I had a thought this morning. Back in the day I used to filter ads at the DNS level by running a caching name server and feeding it a zone file drawn from a list of dodgy ad sites. This list is published with this in mind, but is in the format of an /etc/hosts file. A little tweaking and it serves nicely as zone file usable by BIND.
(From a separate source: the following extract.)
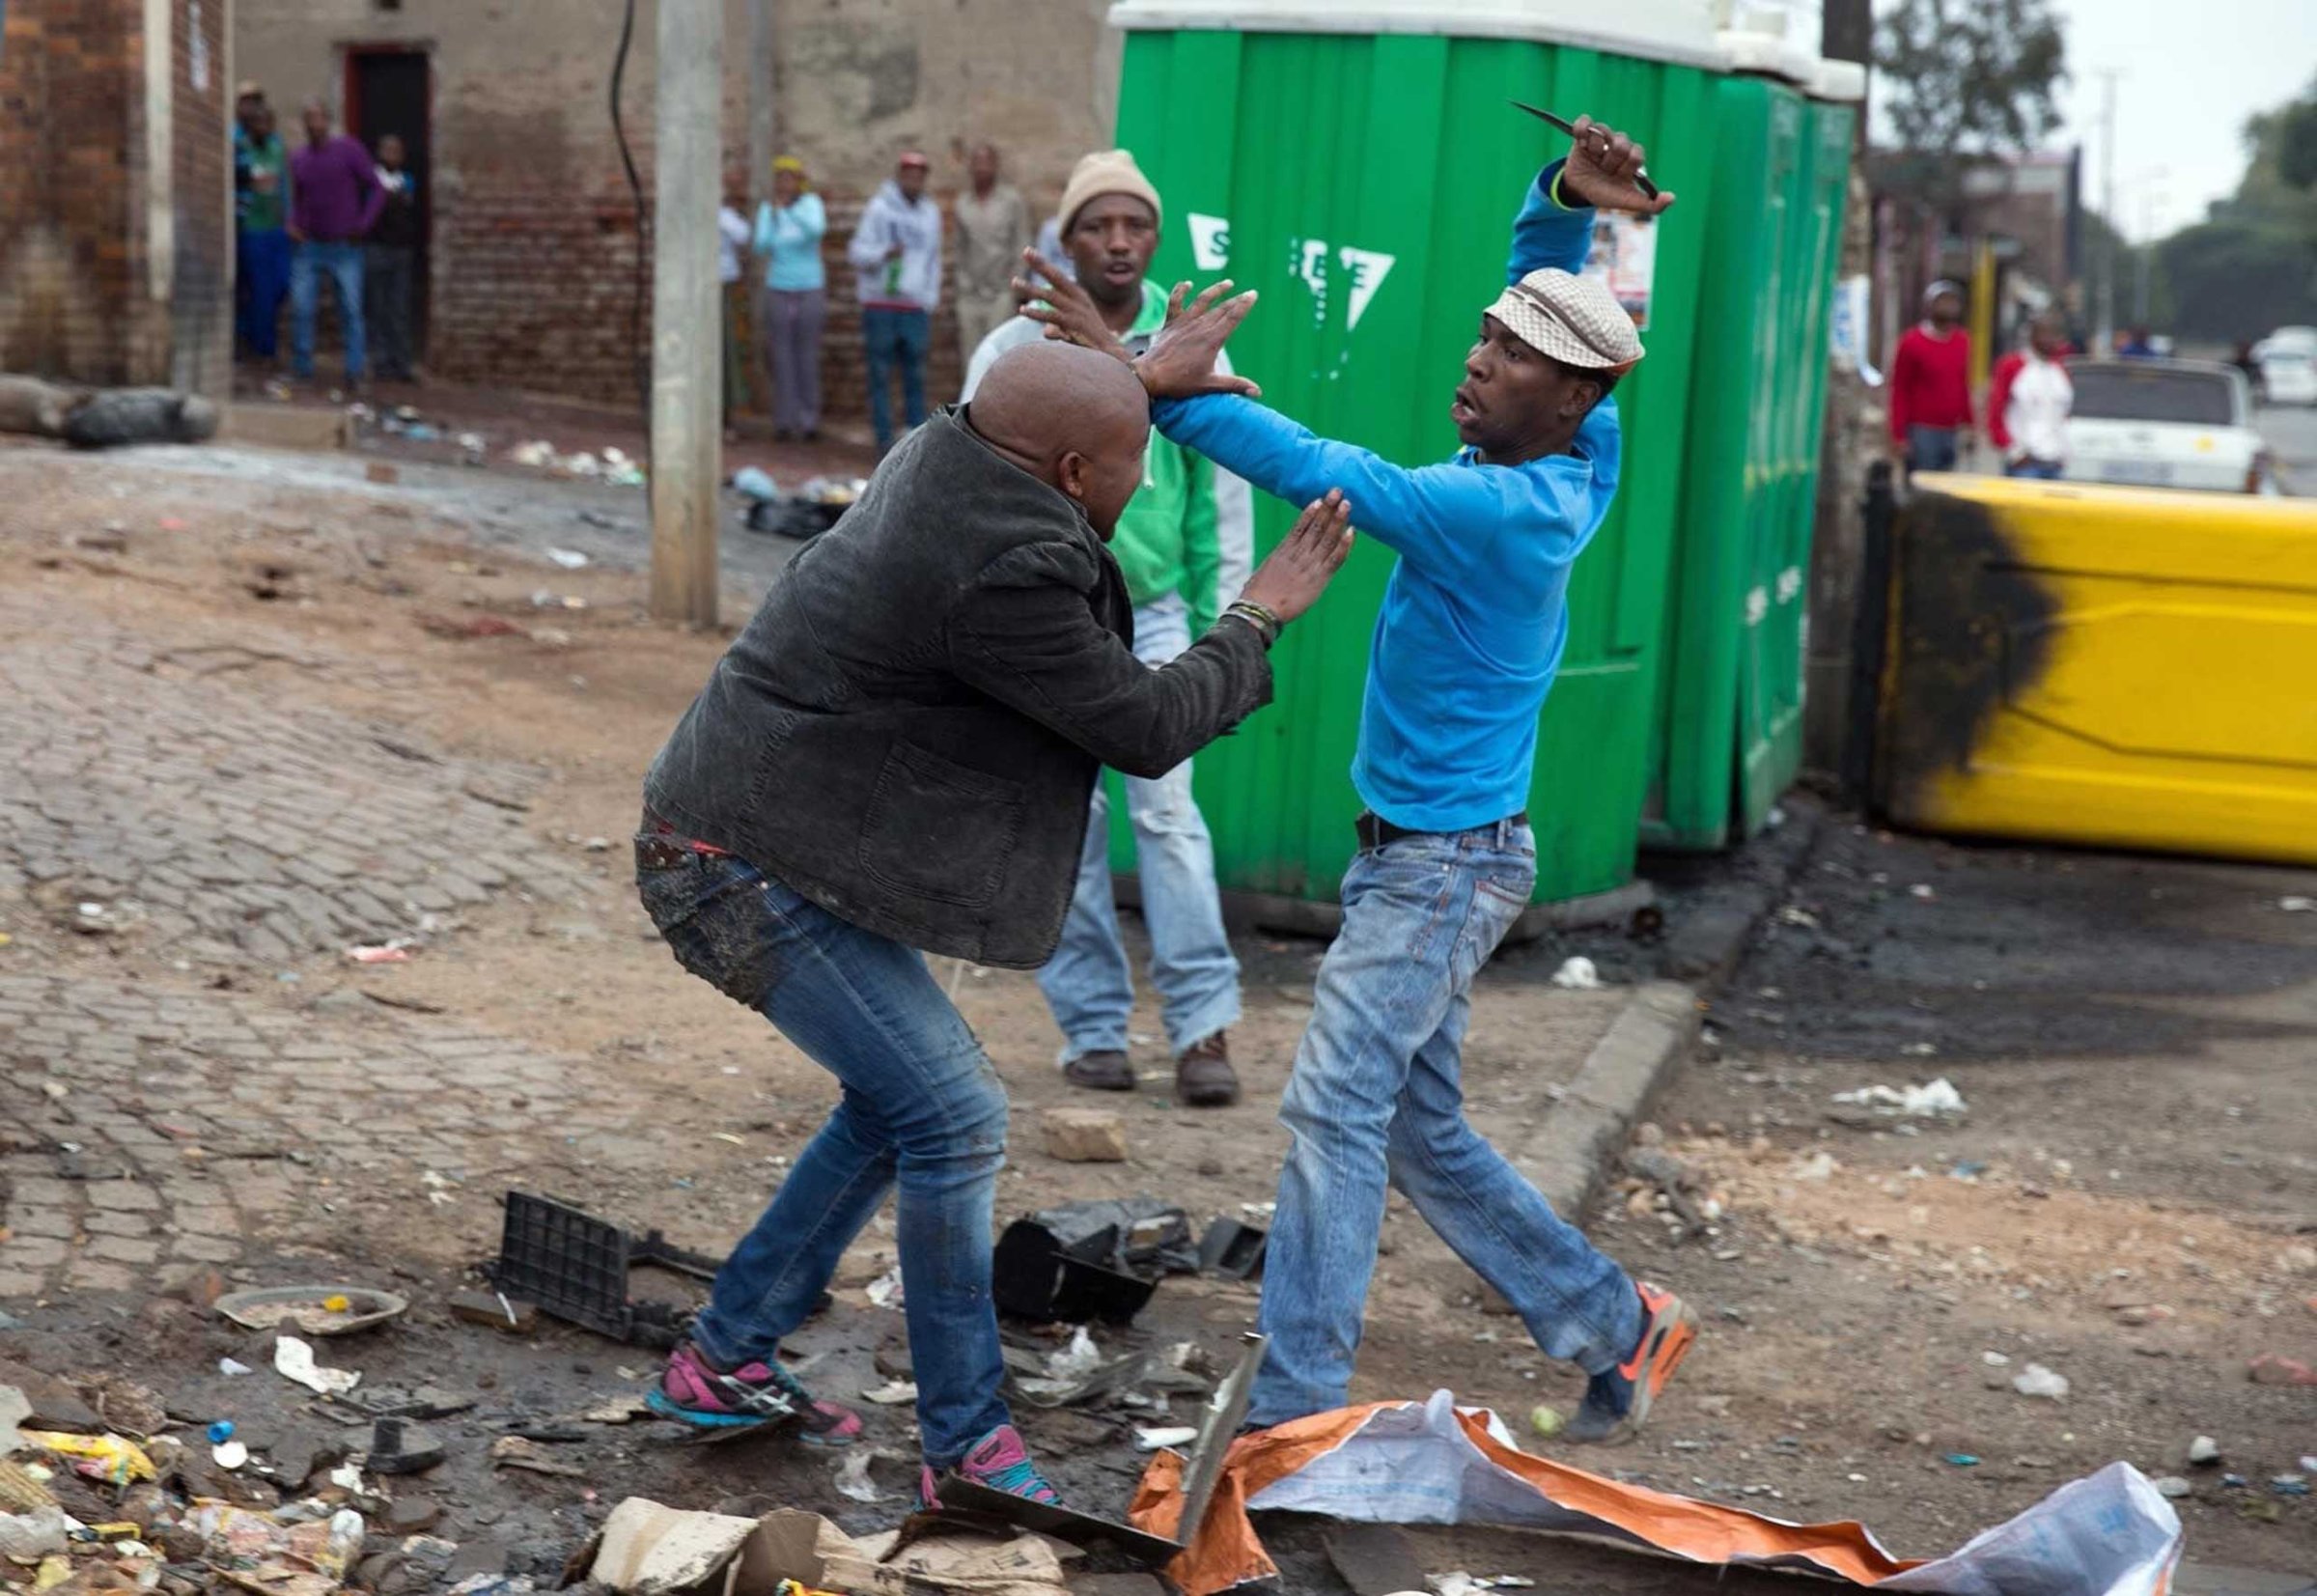 Mozambique national Emmanuel Sithole is attacked by men in Alexandra township during anti-immigrant violence in Johannesburg on April 18, 2015. He later died of his injuries.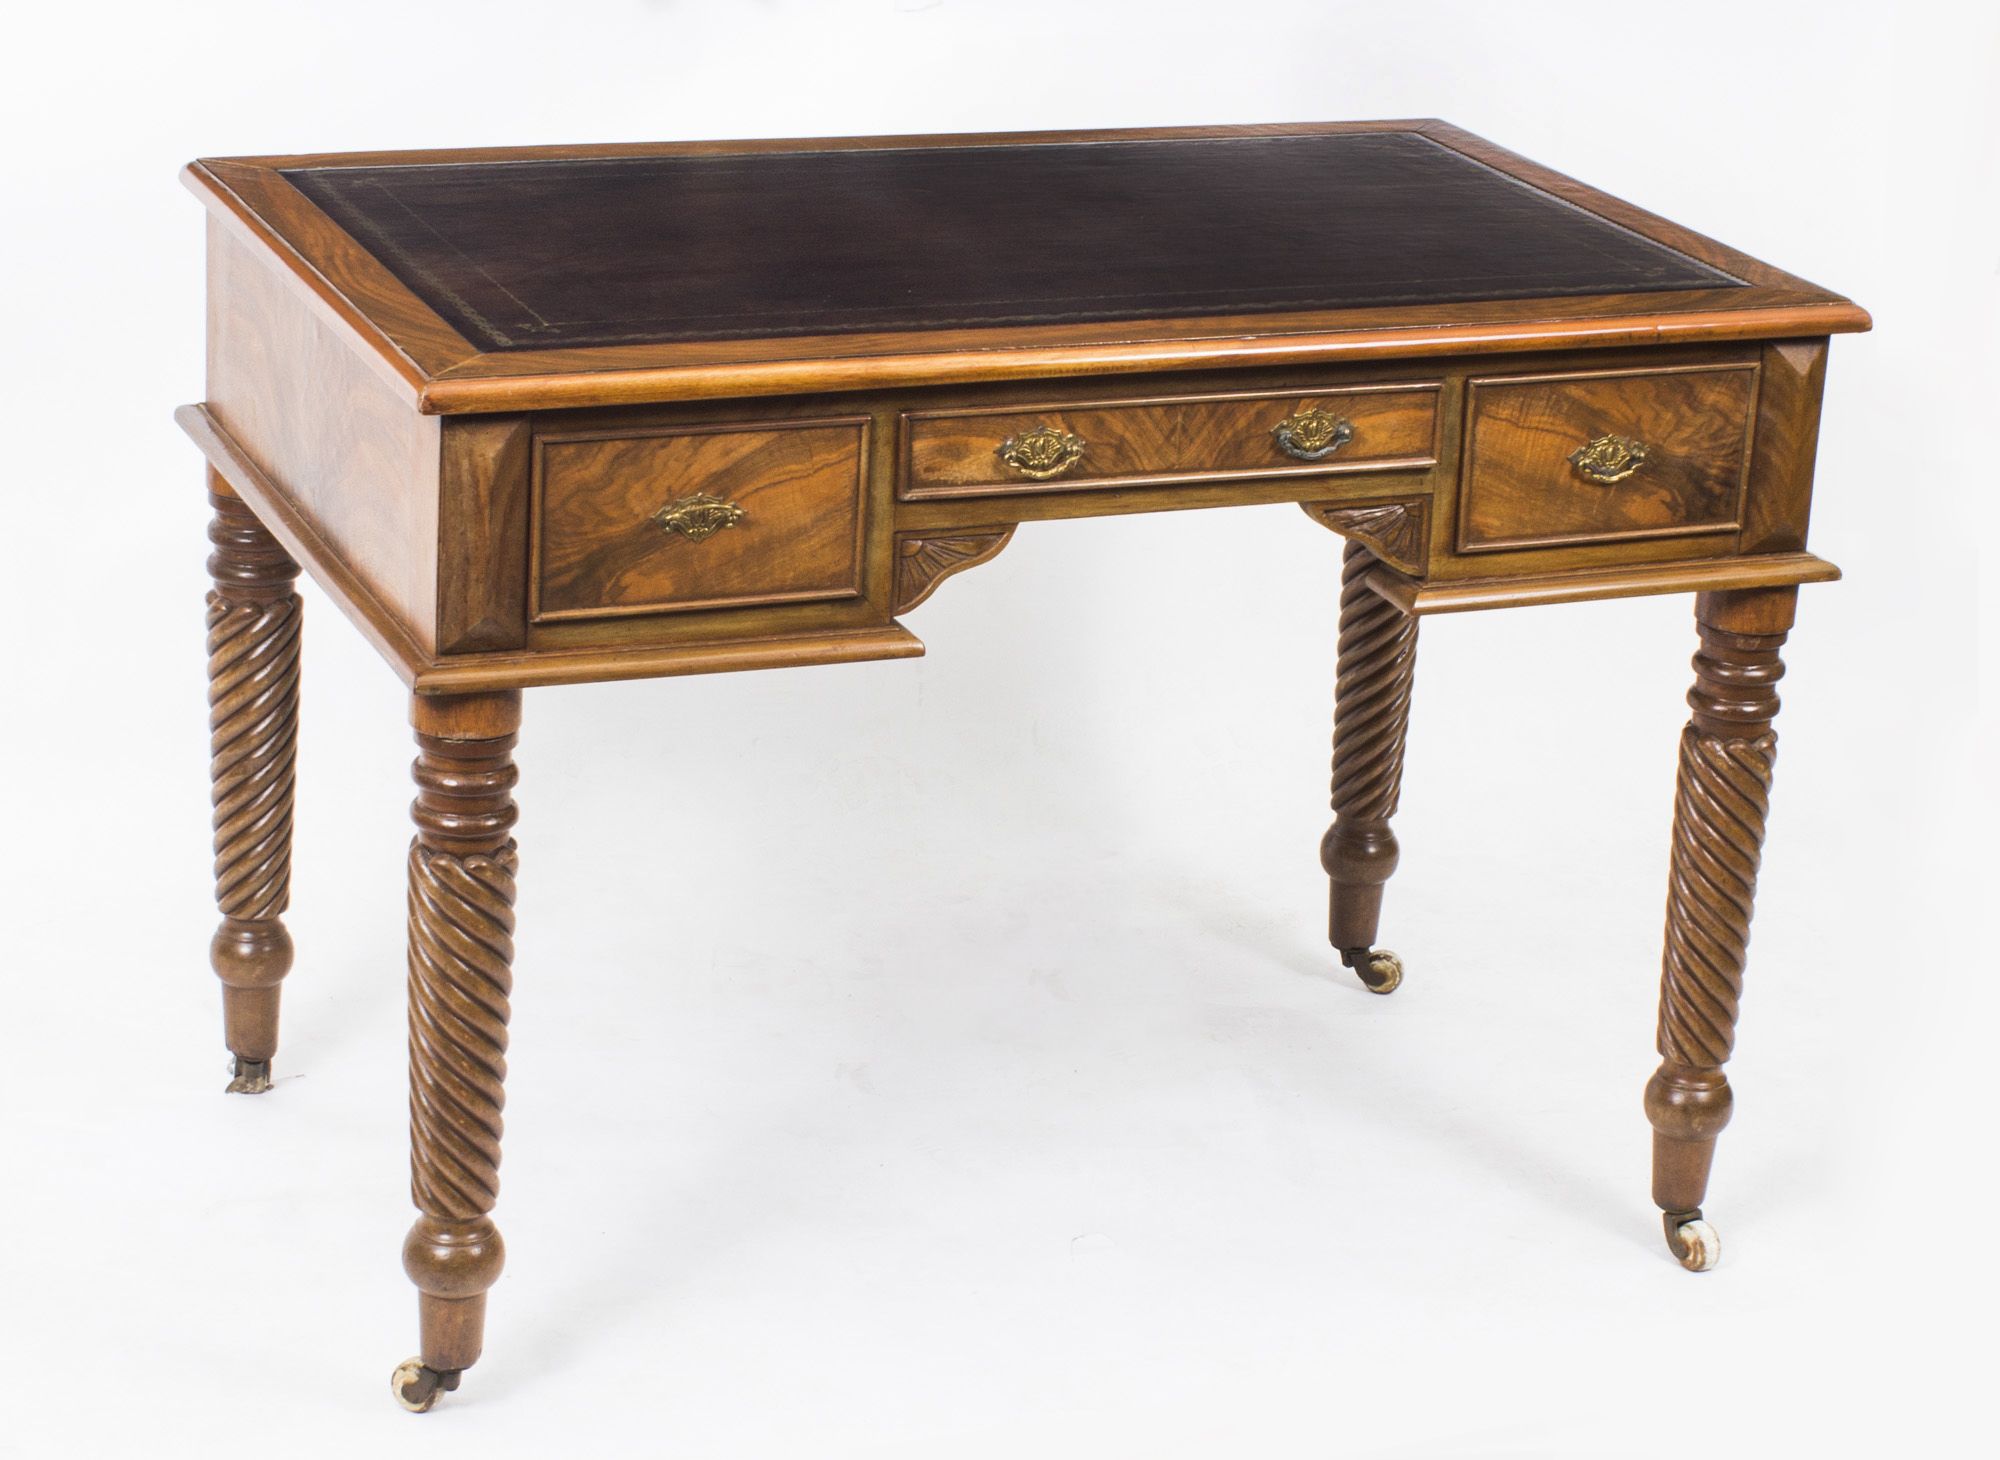 Antique Figured Walnut Writing Table Desk C (View 12 of 15)

Having been thinking about the topic of ISP-level internet filtering a great deal of late, I'd been wondering how to reverse engineer the block lists, and this morning I remembered the existence of this hosts file.. BT censor internet domains by returning an A record pointing to a webserver which redirects to their 'blocked' page, so why not feed the list of hosts contained therein to BT's name servers and grep for responses indicating the site is blocked?
A line of code later...
for i in `grep ^0 hosts.txt | awk '{print $2}'`;
do host -t a $i |grep 213.120.234.1[40][69] > blocked.txt ;
done && awk '{print $1}' blocked.txt | sort -u > blocked-hosts.txt
No error checking, but this is quick n dirty proof of concept... We run this three times, having adjusted the level of filtering between each run. A further addition of a few hundred social networking sites and we have four output files. Diffs against them reveal which hosts are added at each increment in blocking level.
$ wc -l *
1345 blocked-light.hosts.txt
1722 blocked-moderate.hosts.txt
377 blocked-moderate-increment.txt
105 blocked-social-strict.hosts.txt
3096 blocked-strict.hosts.txt
1379 blocked-strict.increment.txt
8024 total
Wow! That's about 3200 domains proven to be blocked, across the varying filter levels... Now, where's that Alexa top million sites list...